The RCV at LAC+USC promises to be anything but clinical. The modular short-term recovery/care units and support facilities are oriented around a spacious central courtyard/pedestrian thoroughfare that promotes connectivity while harnessing “extensive landscaping and placemaking strategies.” Interior and exterior public art will reportedly play a major role in the design scheme and help to foster a “restorative living environment.” The facades of the buildings will also nod to the “cultural influences found in surrounding neighborhoods” as well as LAC-USC’s original main hospital building, a 2o-story Art Deco landmark that first opened in 1933.

A new $1 billion hospital, designed by HOK and LBL Associated Architects, opened in 2008 to replace the aging, seismically non-compliant old hospital. Although the original hospital has been officially retired, it remains part of the expanded LAC-USC campus and is home to a ground-floor wellness center, office space for community nonprofits, and other non-medical enterprises. Plans to reuse the entirety of the daytime television-famous building, potentially for affordable housing, are in the works.

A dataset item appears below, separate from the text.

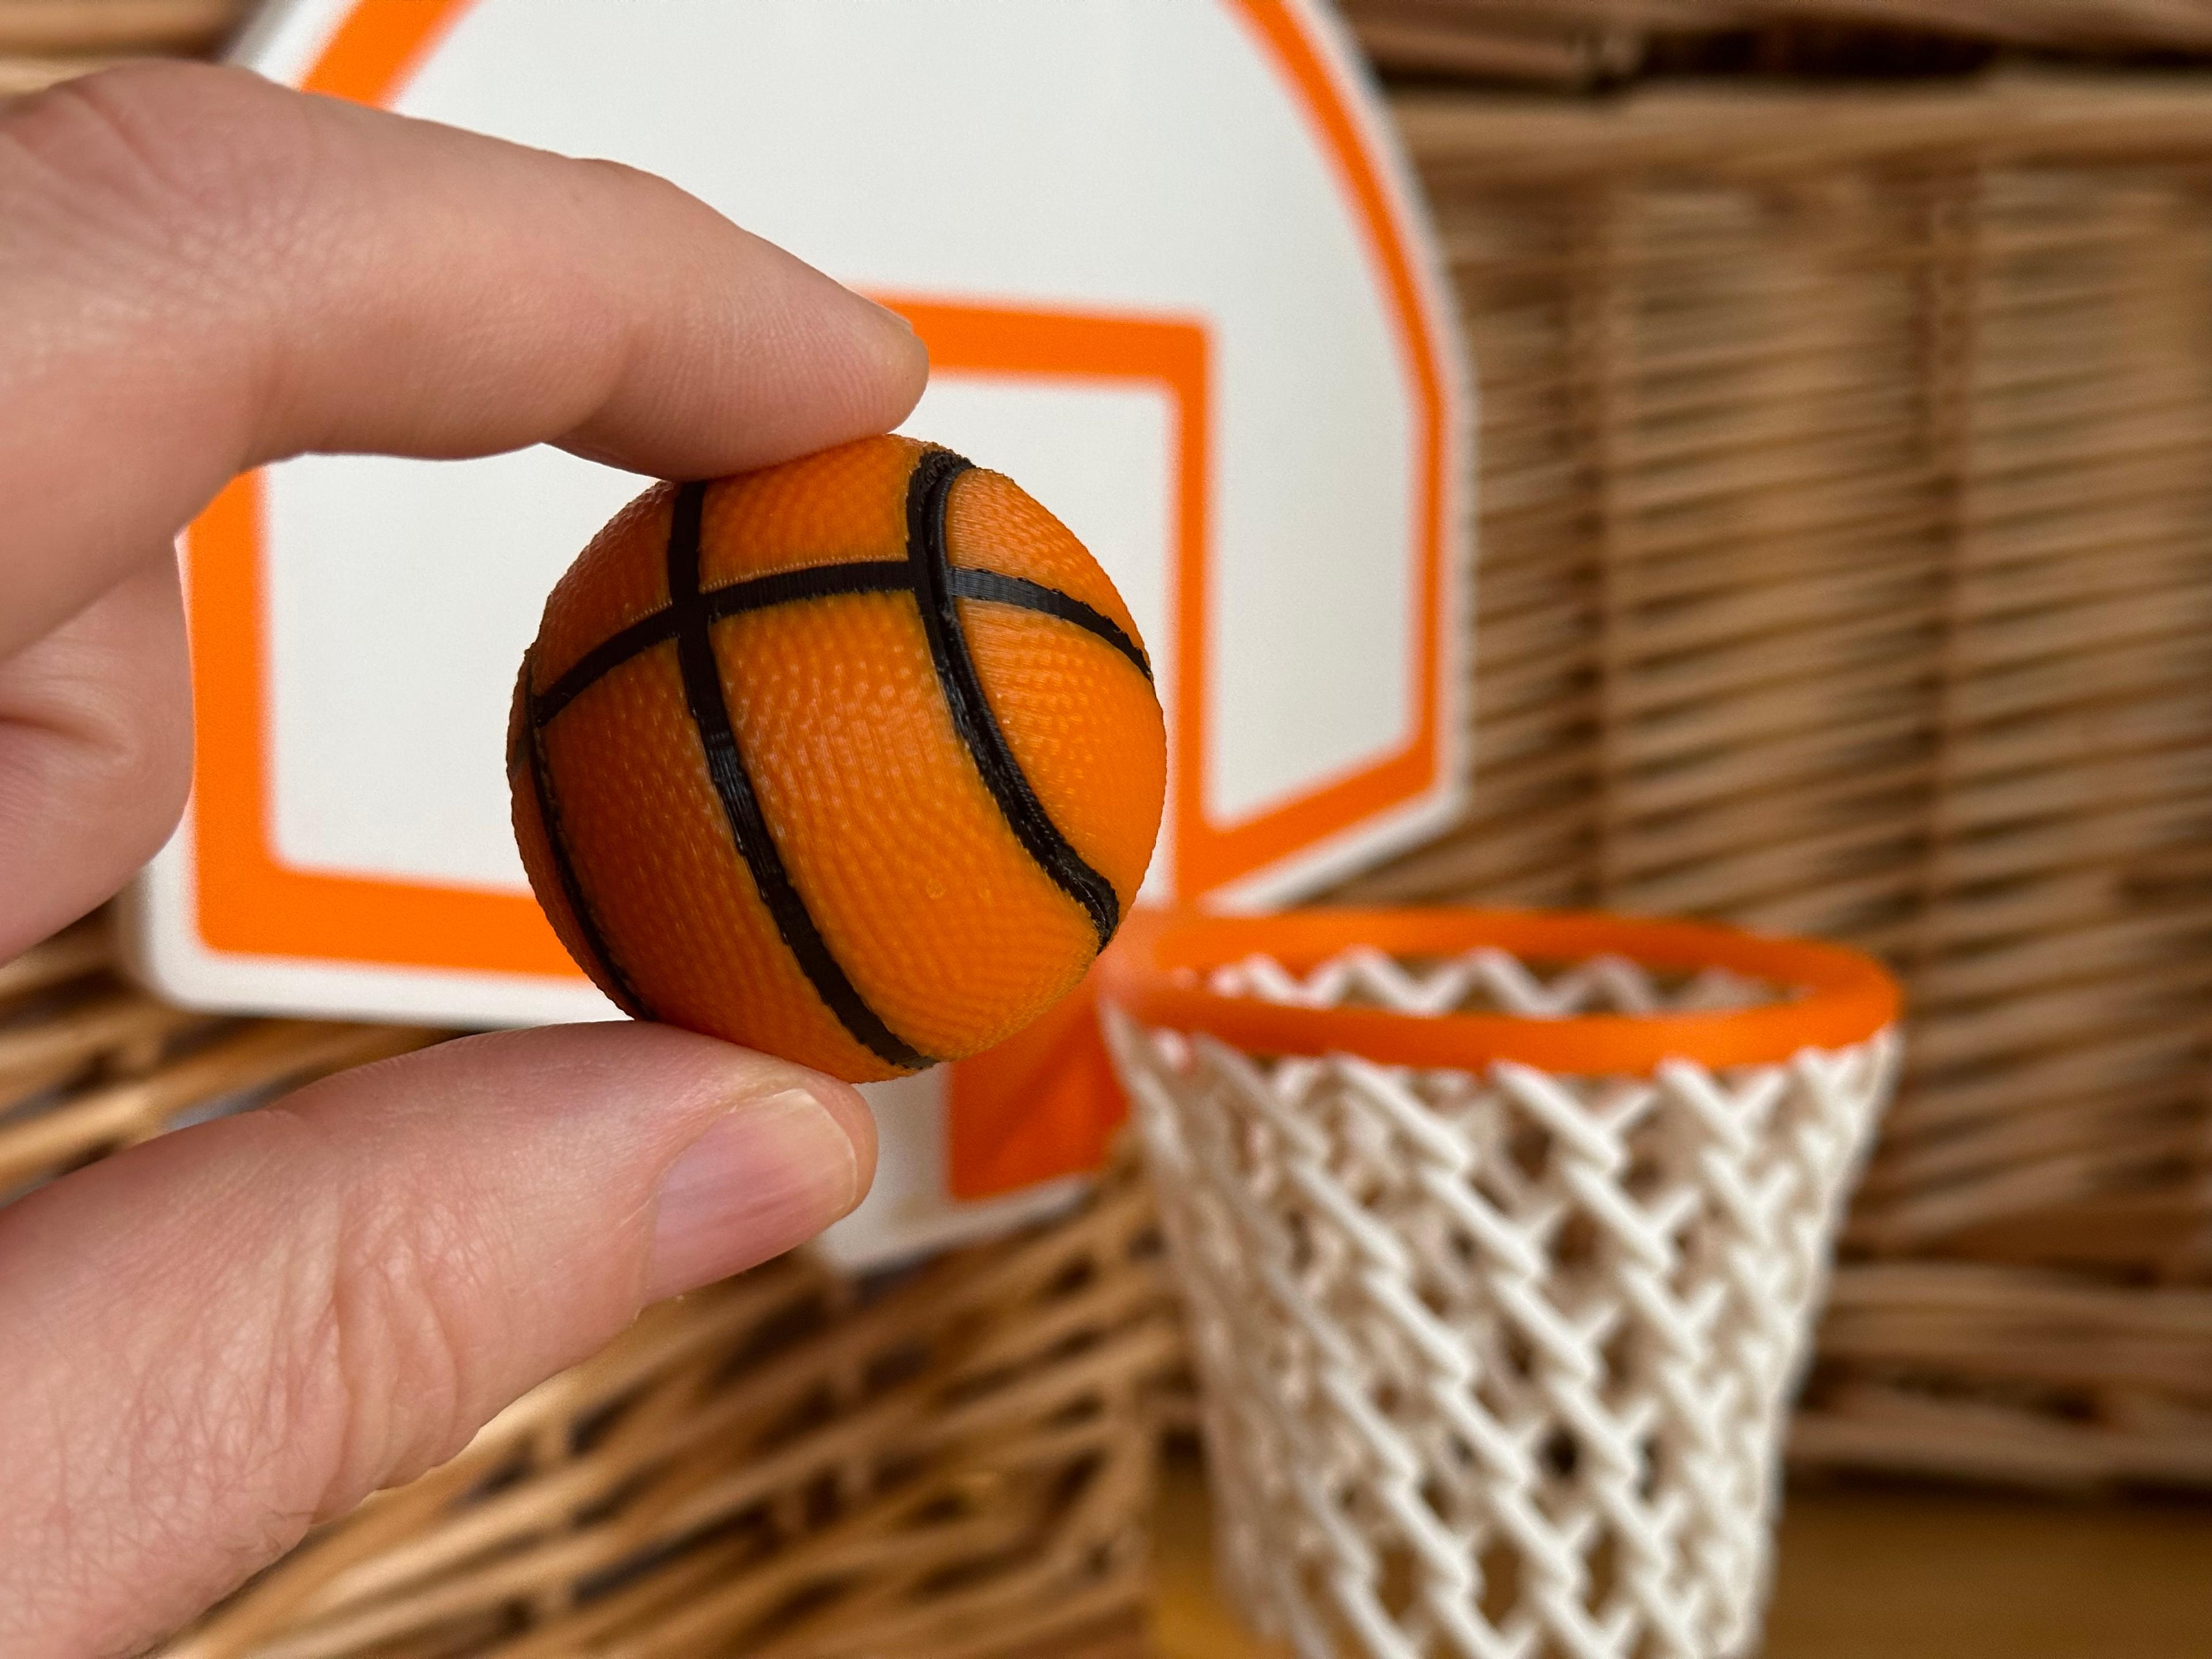 Basket Smalls (Basketball) 3d model

“This is more than whole-person care—it is about providing a very warm, welcoming environment to people who probably are not used to receiving care,” said Jo Ann Yanagimoto-Pinedo, deputy director of strategic initiatives with Los Angeles County Department of Mental Health, in a statement. “If you look at traditional government health care facilities, they are very cold and institutional. We are trying to change that because we know that outcomes are better when treatment is provided in a welcoming, home-like environment.”

illustration of a recuperative care village in los angeles
In a departure from the norm, the facility is intended to embrace a design that’s warm, inviting, and neighborhood-like. (Courtesy CannonDesign)

As mentioned, the modular nature of the project will not only help to keep costs down but also addresses the urgency at hand. “A clear benefit with this project when it comes to accelerated delivery is how quickly the project will be able to help people in need,” said David Hunt, Southern California health leader with CannonDesign, who refers to the RCV at LAC-USC as a project that “shines as a community asset.”

“I would encourage any health system or civic institution seeking an innovative solution to a public health crisis to consider modular construction as a means to bring relief as quickly as possible,” he added.

ModularDesign+, a strategic partner of CannonDesign, is headed up the prefabrication of the facility while CannonDesign Builders is overseeing construction services for the project. An anticipated completion date has not yet been made public yet.